By default, the state of the Ray cluster is transient to the head Pod. Whatever triggers a restart of the head Pod results in losing that state, including Ray Cluster history. To make Ray cluster state persistent you can enable Global Control Service (GCS) fault tolerance with an external Redis storage.

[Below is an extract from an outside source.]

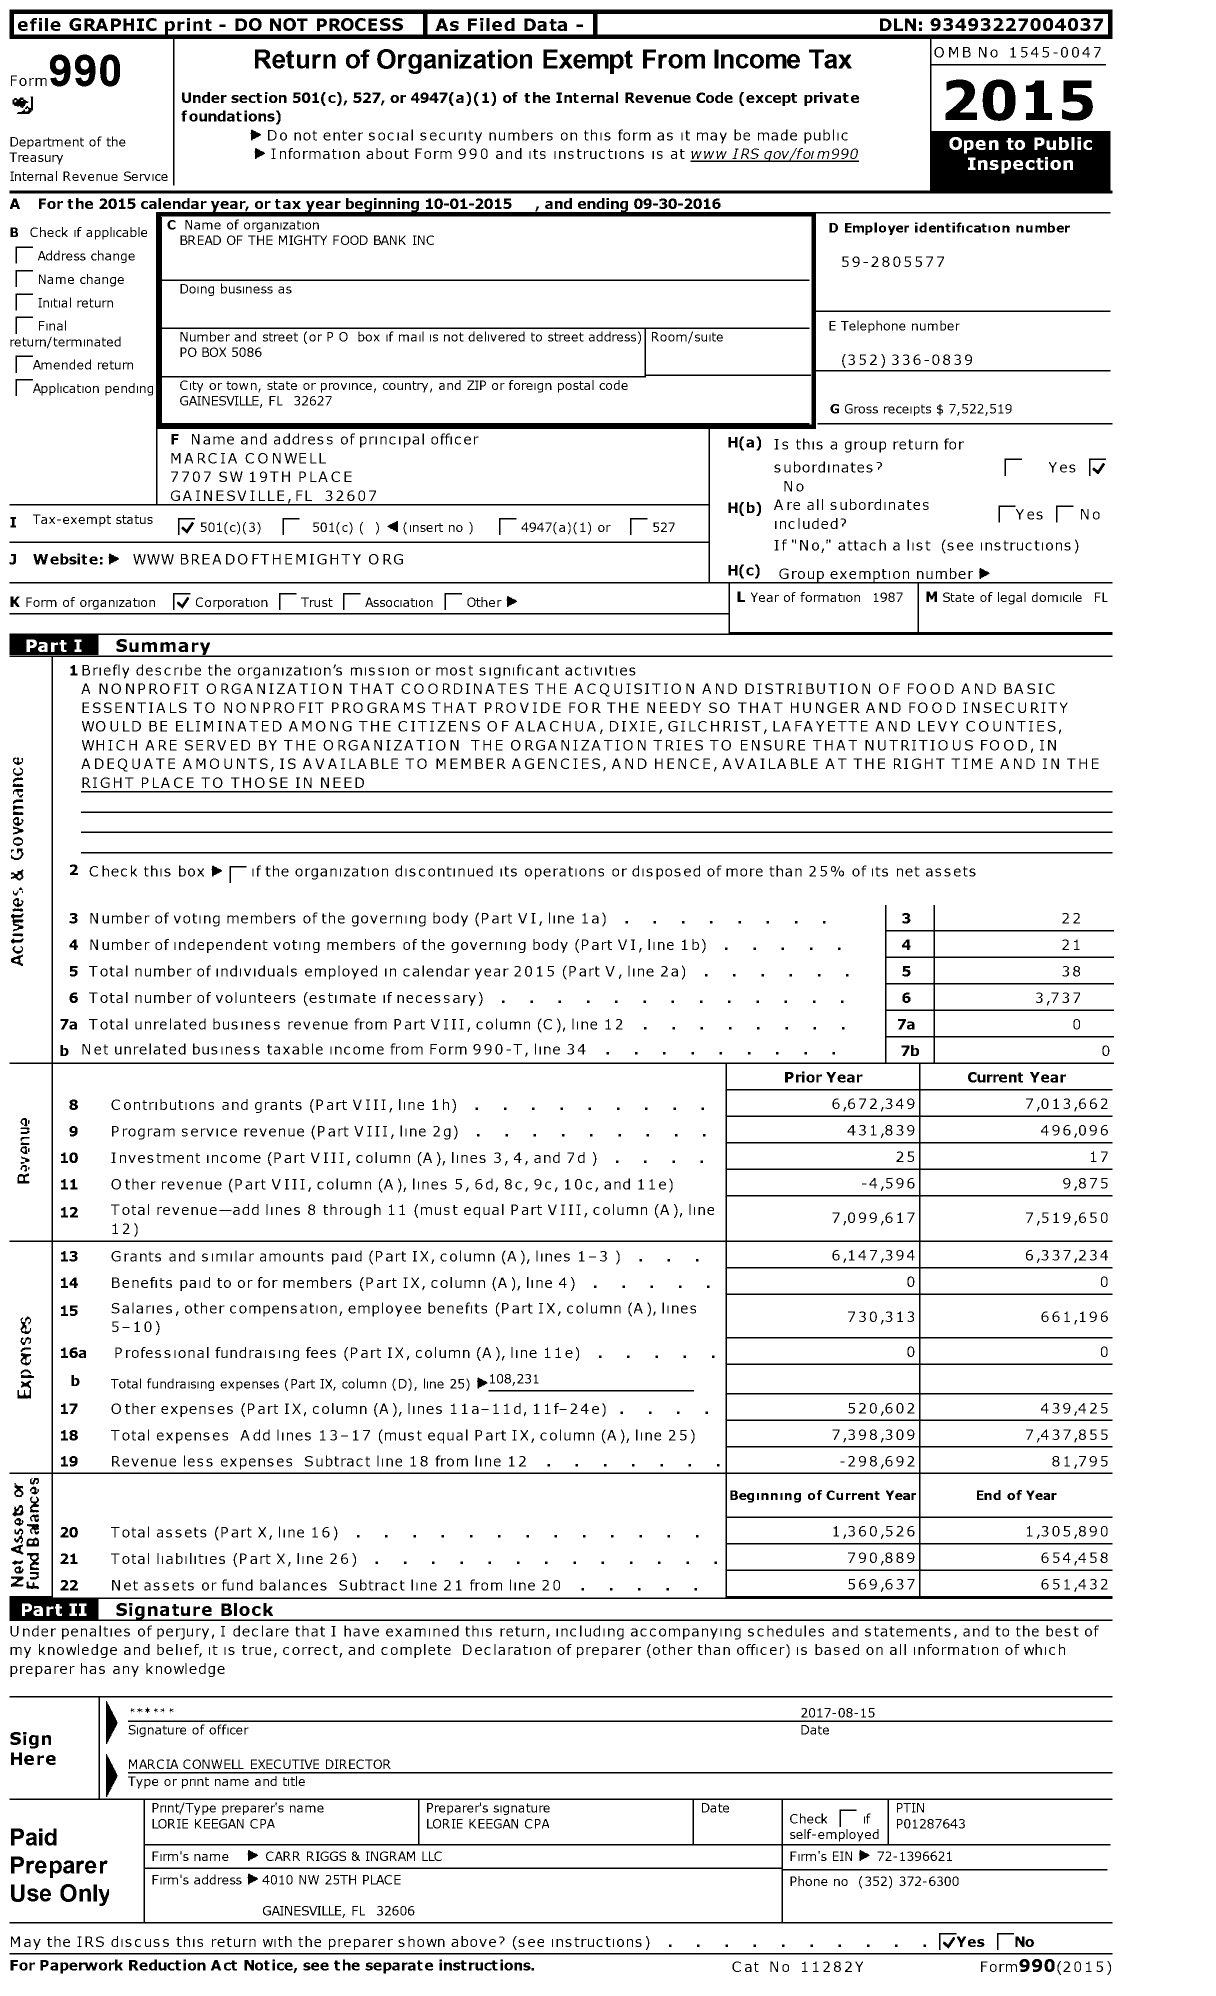 Image of first page of 2015 Form 990 for Bread of the Mighty Food Bank (BMFB)

To configure GCS fault tolerance you need to set the following parameters:

Parameter

Description

enable_gcs_ft

Boolean to enable GCS fault tolerance

redis_address

Address of the external Redis service, ex: “redis:6379”

redis_password_secret

Dictionary with ‘name’ and ‘key’ fields specifying the Kubernetes secret for Redis password

external_storage_namespace

Custom storage namespace for GCS fault tolerance (by default, KubeRay sets it to the RayCluster’s UID)

Example configuration:

from codeflare_sdk import Cluster, ClusterConfiguration

cluster = Cluster(ClusterConfiguration(
    name='ray-cluster-with-persistence',
    num_workers=2,
    enable_gcs_ft=True,
    redis_address="redis:6379",
    redis_password_secret={
        "name": "redis-password-secret",
        "key": "password"
    },
    # external_storage_namespace="my-custom-namespace" # Optional: Custom namespace for GCS data in Redis
))

Note

You need to have a Redis instance deployed in your Kubernetes cluster before using this feature.